On YouTube Audio Extraction
One of the first big integrations I settled on while developing isobot was YouTube. At the time, YouTube Music bots were pervasive in almost every community and server. It seemed like just about every bot had to have the ability to play a song, or, for some of the more complex ones, an entire song queuing system!
I initially tried looking around at other open-source bots to see how they were implementing such a feature. There seemed to be roughly 3 approaches:
- Download the video with youtube-dl
and extract the audio with ffmpeg
- Use the YouTube Developer API
- Use Lavaplayer
Each of these approaches came with its own problems, some more than others.
youtube-dl
and ffmpeg
⌗
Isobot’s server is written in Go, and I’m already a bit apprehensive to use a wrapper for both ffmpeg
and youtube-dl
. You’re between a rock and a hard place. Either accept cgo
into your life or be forced to deal with piping stdout
from a spawned process to handle errors.
While neither of those choices is in and of itself a deal-breaker, how YouTube allows you to download videos in the first place was.
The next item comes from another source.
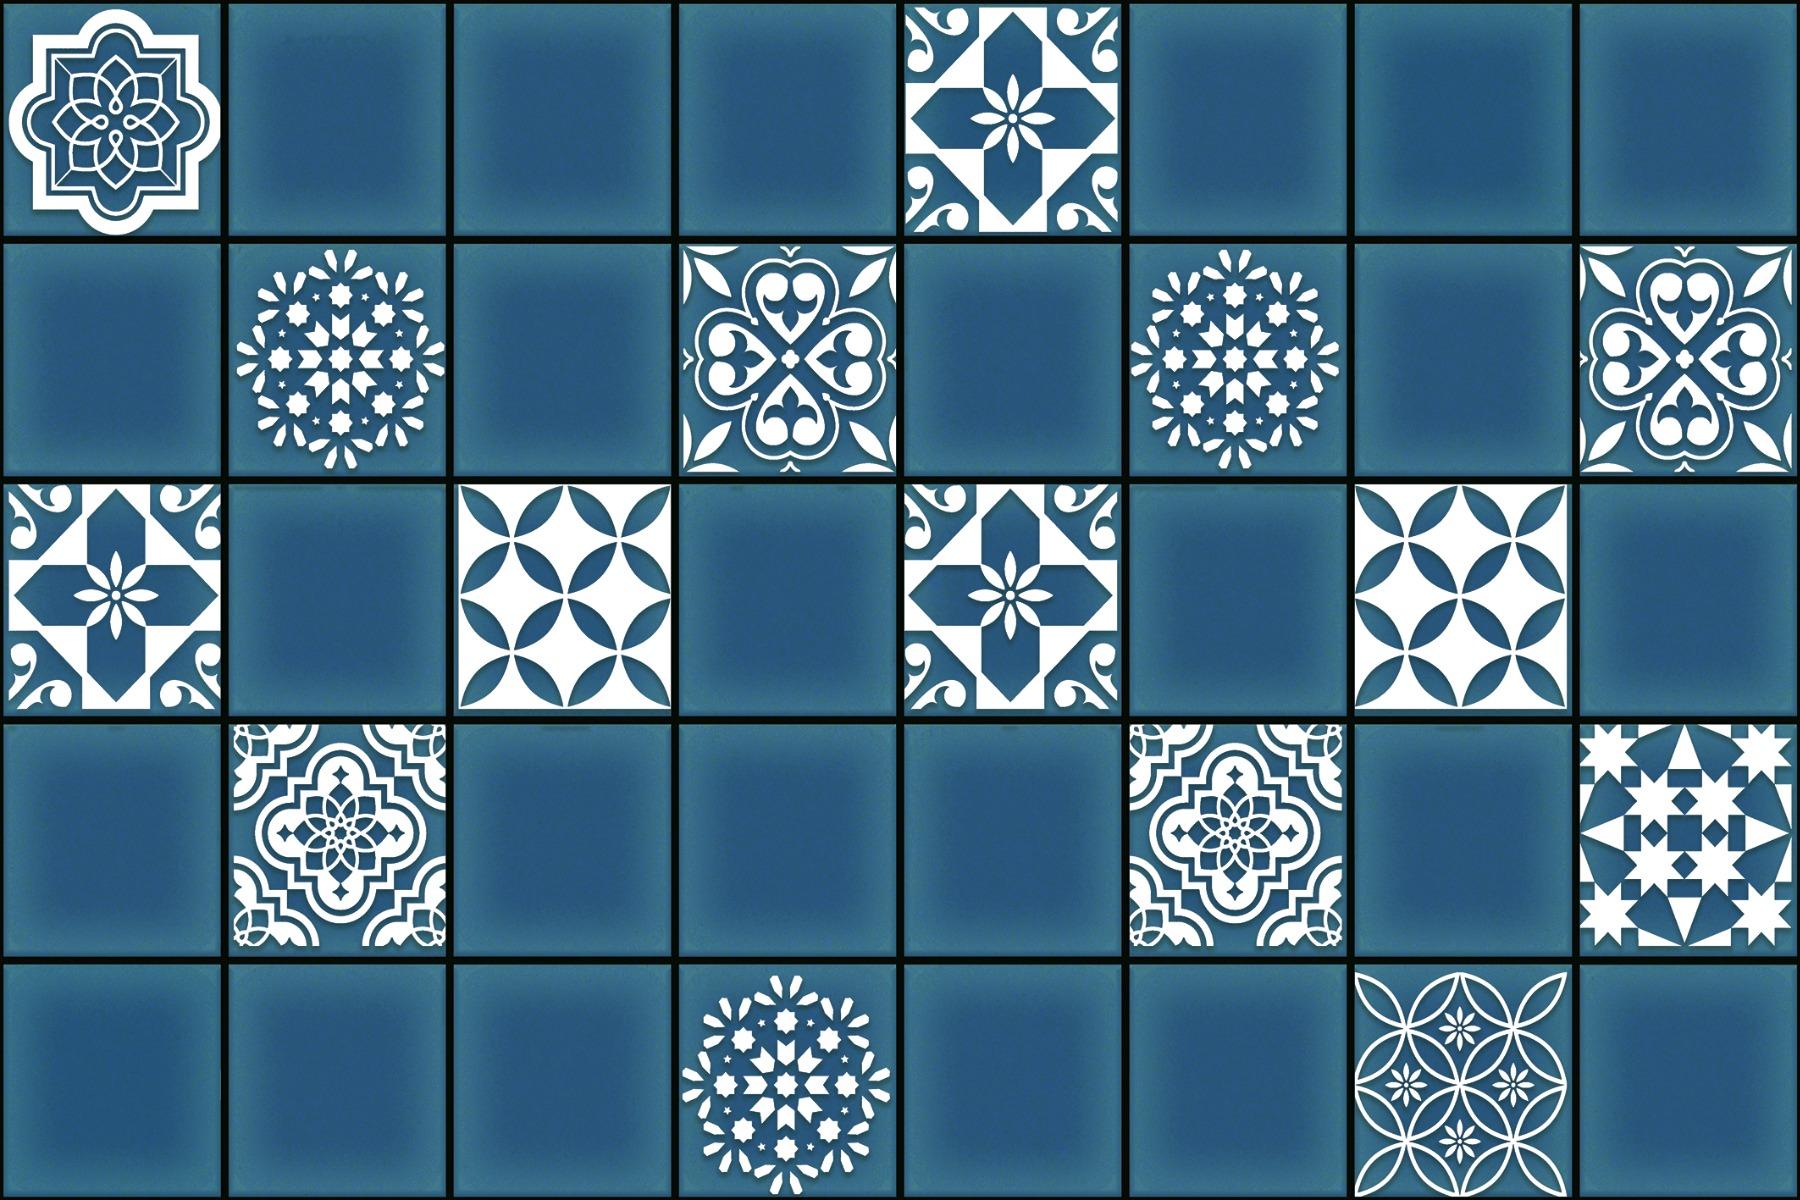 Ceramic Tiles for Bathroom Tiles, Living Room Tiles, Kitchen Tiles, Bedroom Tiles, Balcony Tiles

When downloading a YouTube video, you have to start by picking a format. Running youtube-dl
with the -F
argument can give you an idea of what formats are available for a given video:
❯ youtube-dl -F https://www.youtube.com/watch\?v\=dQw4w9WgXcQ
[youtube] dQw4w9WgXcQ: Downloading webpage
[youtube] dQw4w9WgXcQ: Downloading player d2cc1285
[info] Available formats for dQw4w9WgXcQ:
format code extension resolution note
249 webm audio only tiny 46k , webm_dash container, opus @ 46k (48000Hz), 1.18MiB
250 webm audio only tiny 61k , webm_dash container, opus @ 61k (48000Hz), 1.55MiB
140 m4a audio only tiny 129k , m4a_dash container, mp4a.40.2@129k (44100Hz), 3.27MiB
251 webm audio only tiny 129k , webm_dash container, opus @129k (48000Hz), 3.28MiB
394 mp4 256x144 144p 67k , mp4_dash container, av01.0.00M.08@ 67k, 25fps, video only, 1.71MiB
160 mp4 256x144 144p 71k , mp4_dash container, avc1.4d400c@ 71k, 25fps, video only, 1.81MiB
278 webm 256x144 144p 89k , webm_dash container, vp9@ 89k, 25fps, video only, 2.27MiB
133 mp4 426x240 240p 117k , mp4_dash container, avc1.4d4015@ 117k, 25fps, video only, 2.96MiB
395 mp4 426x240 240p 133k , mp4_dash container, av01.0.00M.08@ 133k, 25fps, video only, 3.37MiB
242 webm 426x240 240p 159k , webm_dash container, vp9@ 159k, 25fps, video only, 4.02MiB
134 mp4 640x360 360p 219k , mp4_dash container, avc1.4d401e@ 219k, 25fps, video only, 5.55MiB
396 mp4 640x360 360p 259k , mp4_dash container, av01.0.01M.08@ 259k, 25fps, video only, 6.57MiB
243 webm 640x360 360p 273k , webm_dash container, vp9@ 273k, 25fps, video only, 6.91MiB
135 mp4 854x480 480p 337k , mp4_dash container, avc1.4d401e@ 337k, 25fps, video only, 8.52MiB
244 webm 854x480 480p 397k , webm_dash container, vp9@ 397k, 25fps, video only, 10.05MiB
397 mp4 854x480 480p 448k , mp4_dash container, av01.0.04M.08@ 448k, 25fps, video only, 11.33MiB
136 mp4 1280x720 720p 655k , mp4_dash container, avc1.4d401f@ 655k, 25fps, video only, 16.57MiB
247 webm 1280x720 720p 699k , webm_dash container, vp9@ 699k, 25fps, video only, 17.69MiB
398 mp4 1280x720 720p 889k , mp4_dash container, av01.0.05M.08@ 889k, 25fps, video only, 22.48MiB
399 mp4 1920x1080 1080p 1649k , mp4_dash container, av01.0.08M.08@1649k, 25fps, video only, 41.69MiB
137 mp4 1920x1080 1080p 3546k , mp4_dash container, avc1.640028@3546k, 25fps, video only, 89.65MiB
18 mp4 640x360 360p 594k , avc1.42001E, 25fps, mp4a.40.2 (48000Hz), 15.04MiB (best)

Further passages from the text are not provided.